Following the completion of her PhD work, Kate leaned fully into a highly generative life of writing and research, delving deeply into Latter-day Saint women’s history. She became the managing historian for women’s history in the Church History Department, a position from which she made important resources available for both academic researchers and church members.

Her career-defining projects included such works as At the Pulpit: 185 Years of Discourses by Latter-day Saint Women and The First Fifty Years of the Relief Society: Key Documents in Latter-day Saint Women’s History, among others. Her scholarship was intimately tied to her sense of community and religious devotion as she strove to give back to her own spiritual tradition.

HDS professor David Holland, who shares Kate’s faith and worked with her in various settings, asserts that these books represent “truly signal achievements in the study of the Latter-day Saint tradition. They demonstrate unmistakably, to borrow a phrase from Ann Braude, that Latter-day Saint history is women’s history. Of course, as Kate’s work, they are impeccably researched and expertly edited.

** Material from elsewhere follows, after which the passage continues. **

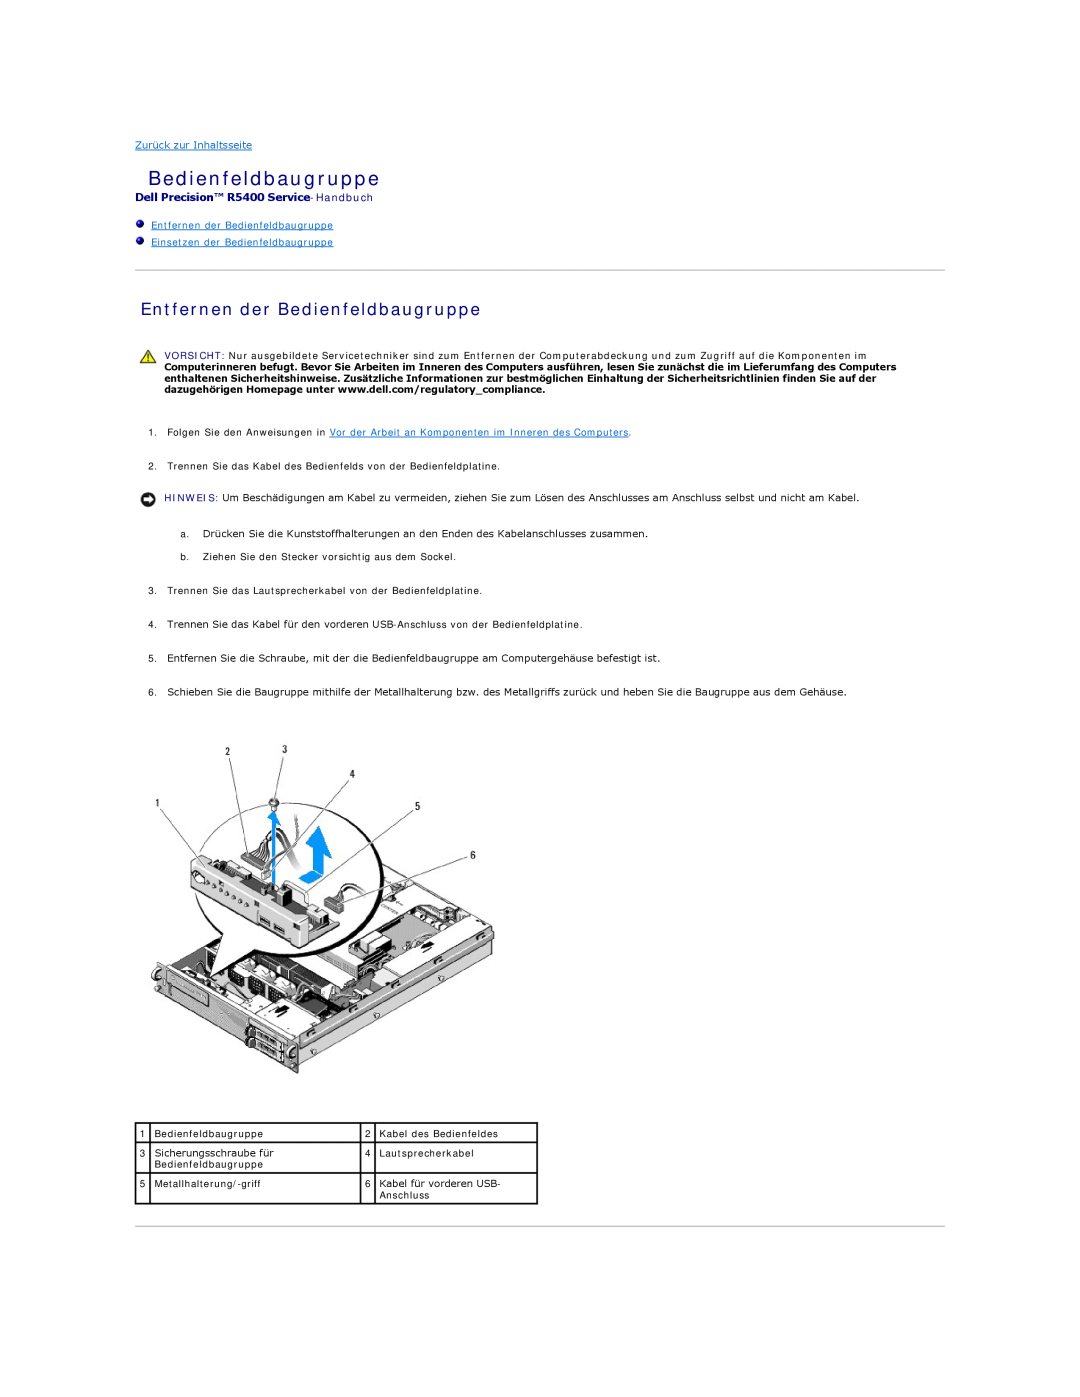 Dell 5400 manual Entfernen der Bedienfeldbaugruppe Einsetzen der Bedienfeldbaugruppe, Zurück zur Inhaltsseite

As pathbreaking source collections they symbolize her characteristically generous service to the scholarly community and her determination to let the women of former generations have their say.”

Joining in this same sentiment on the vital significance of Kate’s lasting legacy towards the study of Latter-day Saint women’s history, HDS professor Catherine Brekus admires her as “an intellectual dynamo who was deeply committed to preserving the history of Latter-day Saint women, whose stories have too often been forgotten. Her work made a profound, indispensable contribution to our understanding of Latter-day Saint history. Her intelligence, her kindness, and her commitment to her faith were an inspiration.”

Just as Kate amplified the voices of Latter-day Saint women from the past, she likewise inspired and lifted up many young scholars of her faith, including current and recent LDS students of Harvard Divinity School. Among them, Janan Graham-Russell, a PhD candidate in the study of Religions in the Americas, pays tribute to her memory, saying:

“Kate’s work spotlights the intricacies of women’s interior lives that are often overlooked in studies of religion and spirituality…Alongside her scholarship, I will remember Kate for her passion for supporting the work of others and leaving the trail wide open for those who came up after her. Her everlasting kindness lives on in the lives of those whom she met and worked with. The spirit of her work will continue to dwell within the study of women, and foodways in the LDS faith—and more broadly—the study of American religions. I'm grateful to have had her as a mentor, and for the gifts that she shared with so many of us."

In her memory, donations can be made to the Kate Holbrook Endowed Scholarship Fund at Brigham Young University, which seeks to support primary caregivers of young children who are pursuing graduate work in the humanities.